Also see an example here https://github.com/junpenglao/GLMM-in-Python/blob/master/pymc3_different_sampling.py#L31-L36 centering the design matrix

Right now, your model is quite complicated and difficult to see which part is not working (you can argue that the model is much more complex than the data generation process). I am not surprised at all that MAP does not give sensible result.

In my experience, the double stochastic random walk on both the mu and sd is difficult to work with (need care and informative prior). As a benchmark, have you try to get rid of the rsd part and just model the observed as from a Normal with mu=estimate and sd=1?

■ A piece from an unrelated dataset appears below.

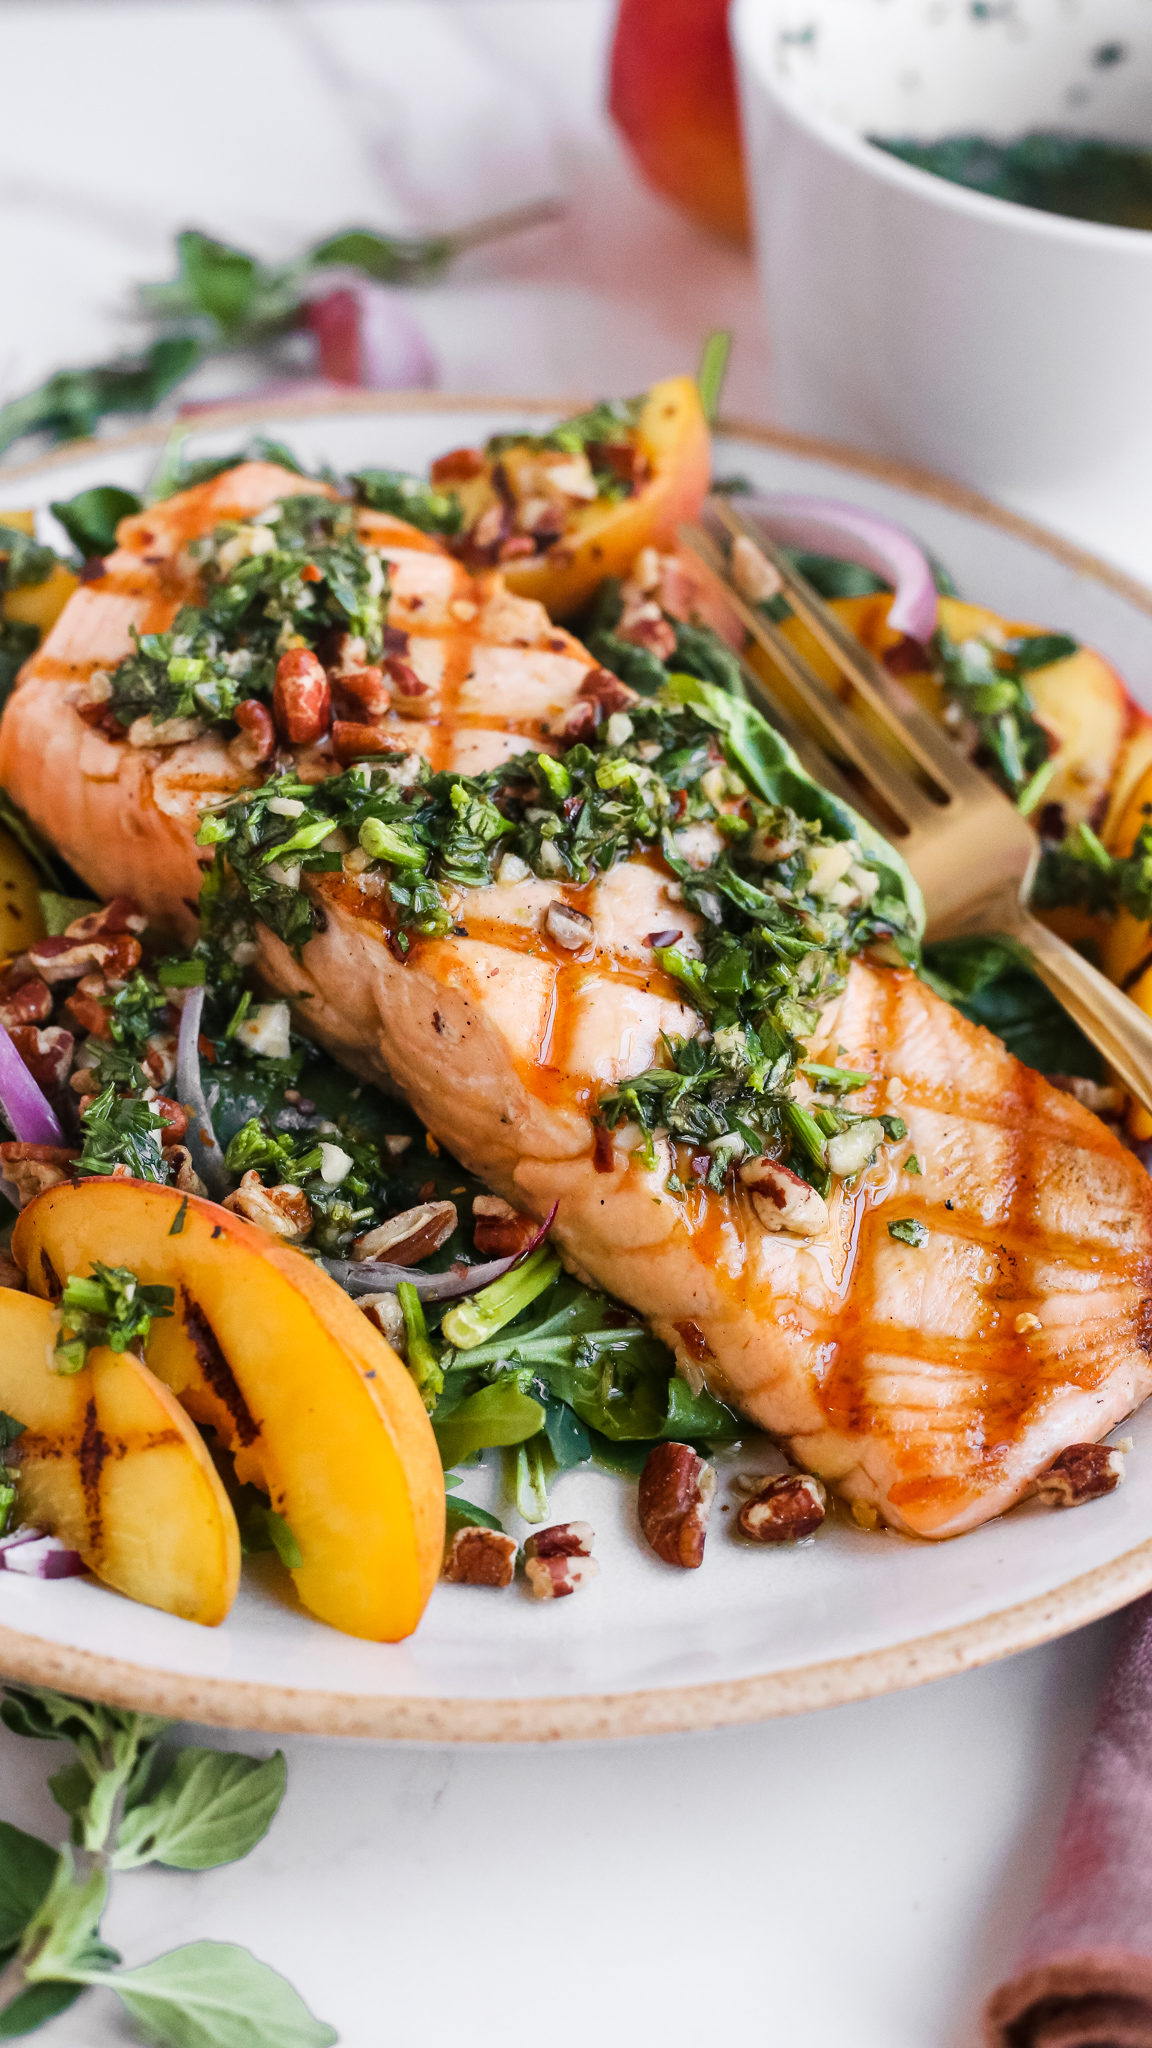 A close view of a grilled salmon fillet, served on a bed of salad greens and topped with grilled peaches, chopped pecans, sliced red onions, and a chimichurri sauce

Ah yes, I see what you mean by the “Centered/Non-centered” representation. Well, actually you can see that starting from the first example I always used the non-centered representation (with the “rel” parameters). From what I understand, this is just to help MCMC converge as it prevents these sort of almost-sink-like states in the Markov chain (“funnels”). I’m not really sure why or how this would help with MAP or SVGD. Maybe there is some other reparametrization/transformation that can help with MAP or SVGD?

I’m not sure as to what you mean by “double stochastic” random walk. The rw_sd is a one dimentional parameter (how divergent all the walks are) and I have different mu’s for each time slice - this is a part of the model (there are certain points in time where betas may change together). The generated data is not as complicated as the model, you can see there are no different random walks per each beta. I’m not running the model just on this generated data, of course. I generated it so I can debug the model. Also not seen in the generated data is possible correlation between the predictors (which does happen on the real data), outliers resulting from dirty observation data (this is why I use student-t and not normal for the error), and very non uniform distribution over the id’s. I want to see what breaks my model with simple data I can understand easily, and then advance. In any case, I see that the random walk is actually one part where both MAP and SVGD get good estimates, so I don’t think the problem lies there.

As per your suggestion, I tried to simplify the model by changing rsd to 1 (works very poorly) or just a one dimensional variable (still doesn’t find the mus and also gives less accurate estimations for other things). Also, my data does have different magnitudes for the residual in the different categories, which is also a parameter I want to estimate in my model, so I rather not leave it out of the model.

Again, many thanks for your help!

Maybe it is a terminology issue, but in a non-centered model, you usually parameterized to have one of the id as the reference group, or having the group average as the intercept. For example, in your last model:

estimate = pm.Deterministic("estimate", 
              tt.exp(intercept_t[time_obs]) * intercept[id_obs] + 
              tt.exp(b1_t[time_obs]) * b1[id_obs] * x1_obs  + 
              tt.exp(b2_t[time_obs]) * b2[id_obs] * x2_obs)

where reparameterized it to include an intercept (thus non-centered) would usually help.

I understand that you are simulating simple data to try to debug a more complex model, but in my experience, I find it much more informative to simulate using the same generative process. The reason is that when you are testing your model with simpler data, you dont know whether the wrong estimation is because of the model is unidentifiable, or because the fitting algorithm is wrong. With the same generative process to simulate data, you can perform better model criticism:

1, Is the model fitting good? What is the prediction error or residual? is the posterior prediction reasonable (using the sample_ppc, is the predicted value around the observed value)?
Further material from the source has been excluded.